*Task goal*
Take the line containing "Barber Grooming Top" and each line after it through the end of the data below, and return them exactly, minus any pictures.

*Exercise data*
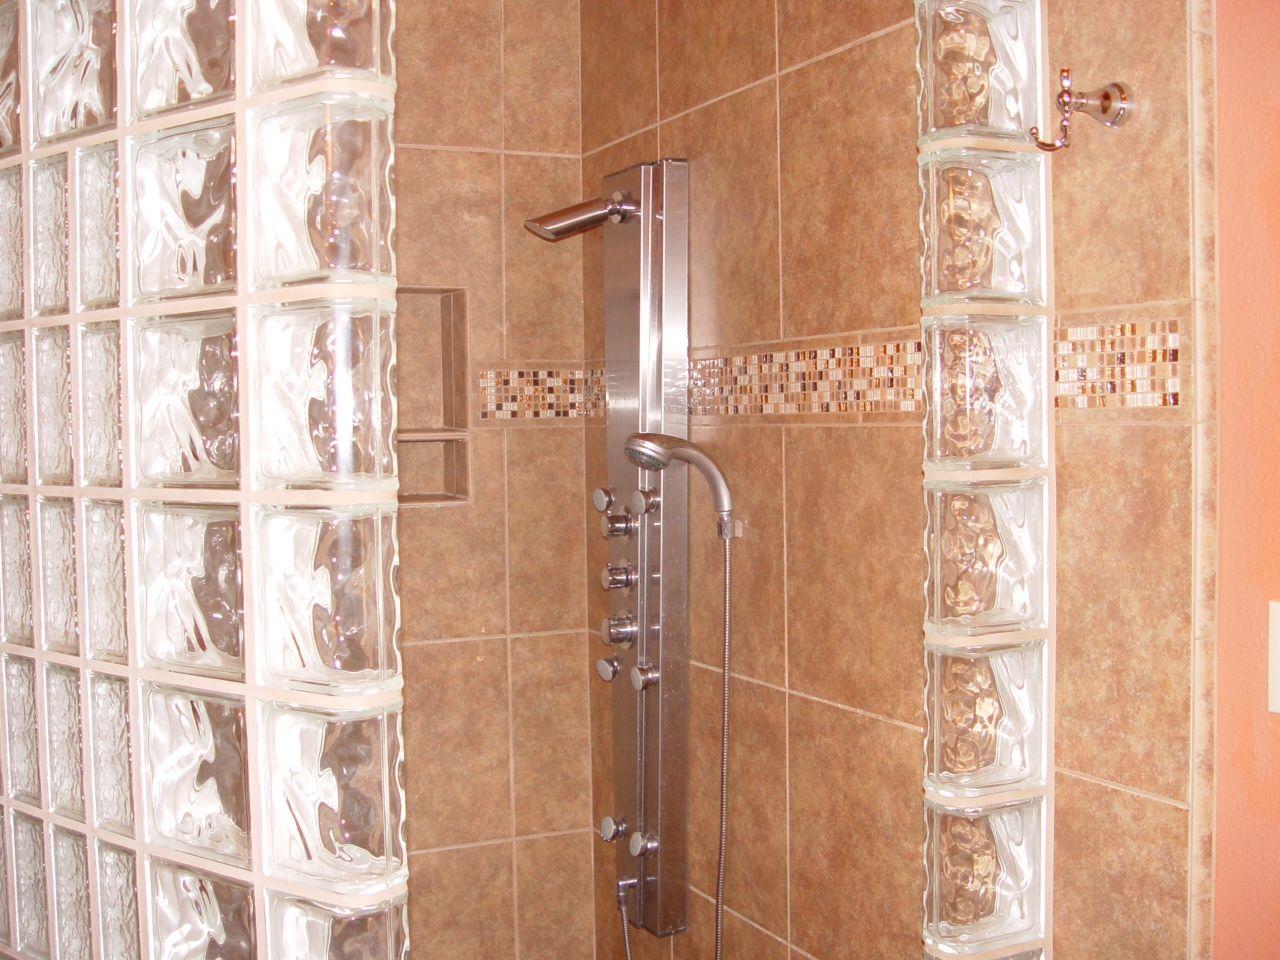 Mosiac Tile With Shower Panel And Glass Block Custom Shower. Design By Lori  Harakal Sedona
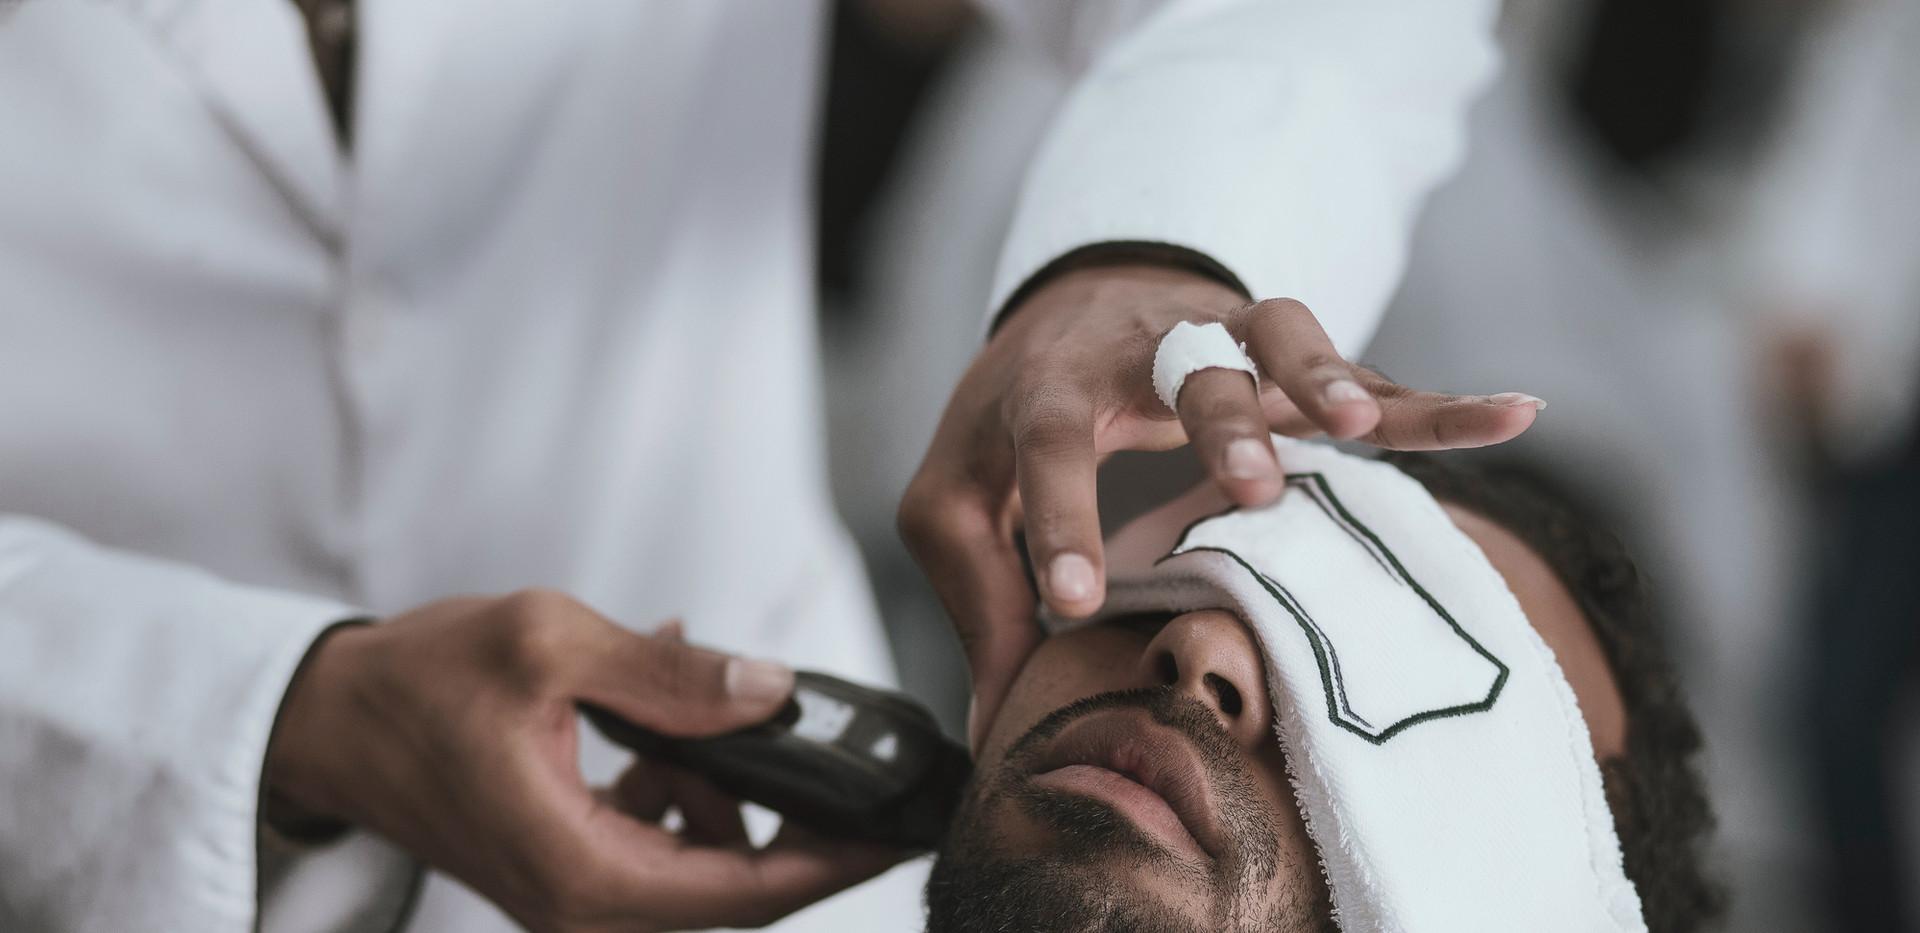 Barber Grooming Top Style Barber Hounslow number one Barber shop
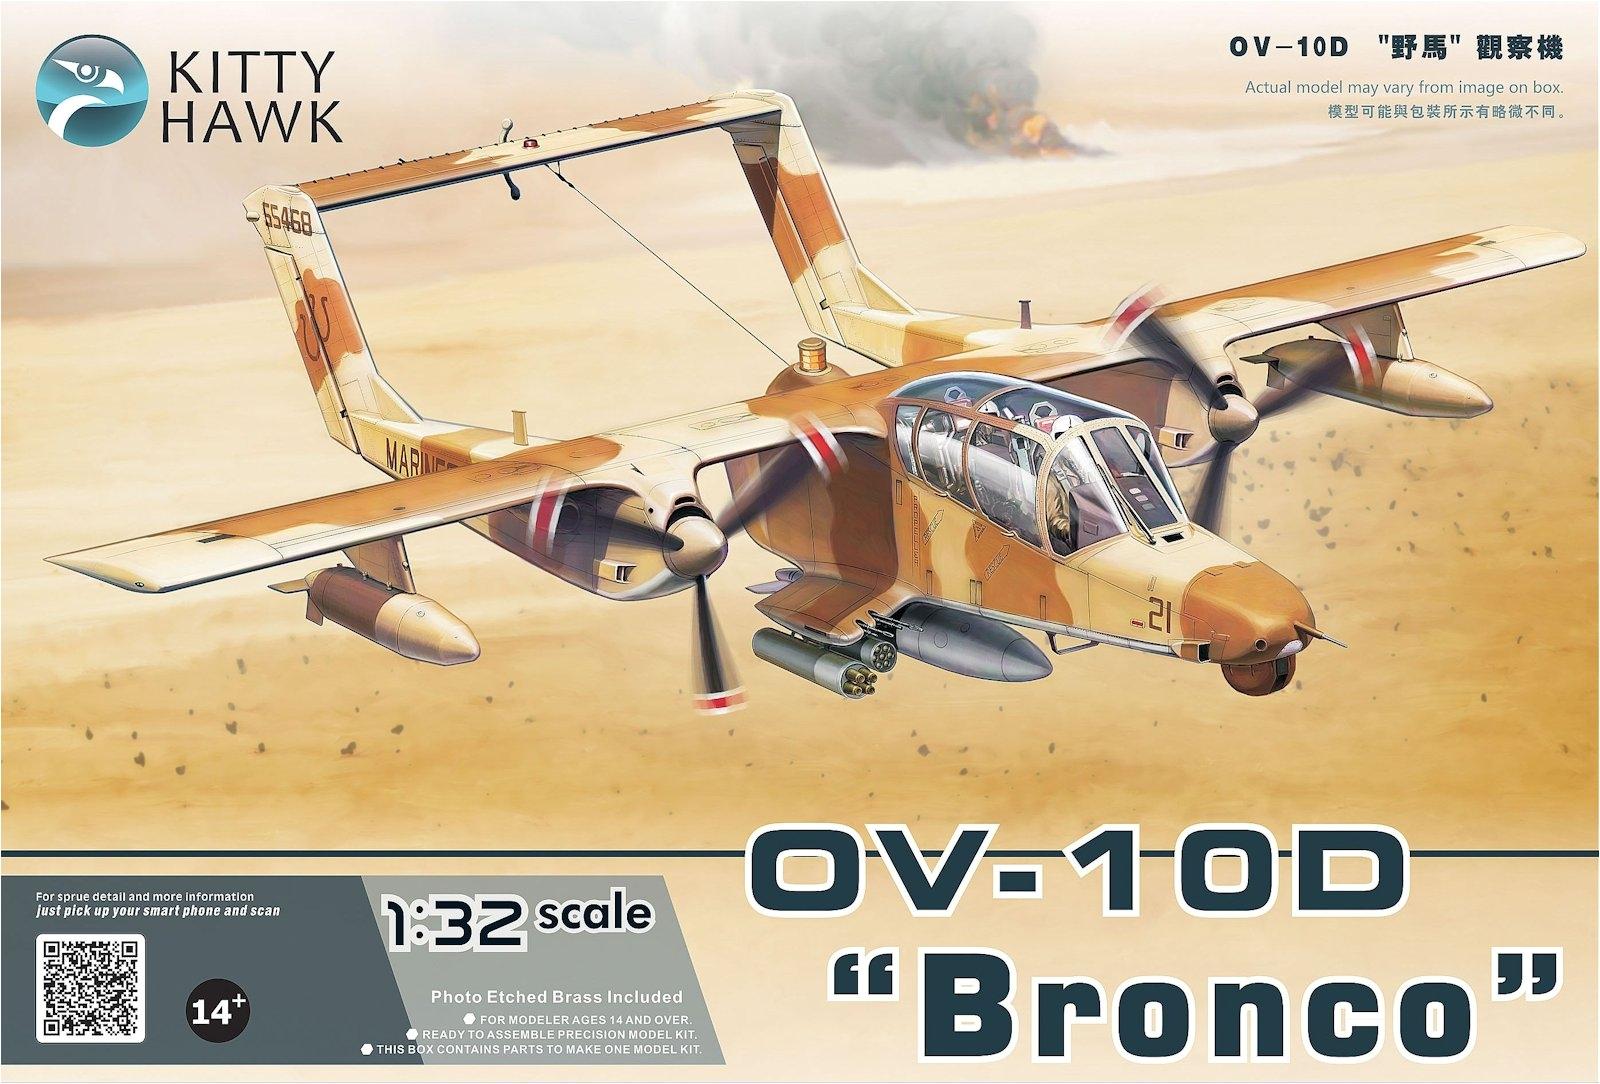 Tiger Hawk Floor Machine the Modelling News Big Buckin Bronco Built Up Kittyhawks 32nd Ov

*Answer box*
 Barber Grooming Top Style Barber Hounslow number one Barber shop
 Tiger Hawk Floor Machine the Modelling News Big Buckin Bronco Built Up Kittyhawks 32nd Ov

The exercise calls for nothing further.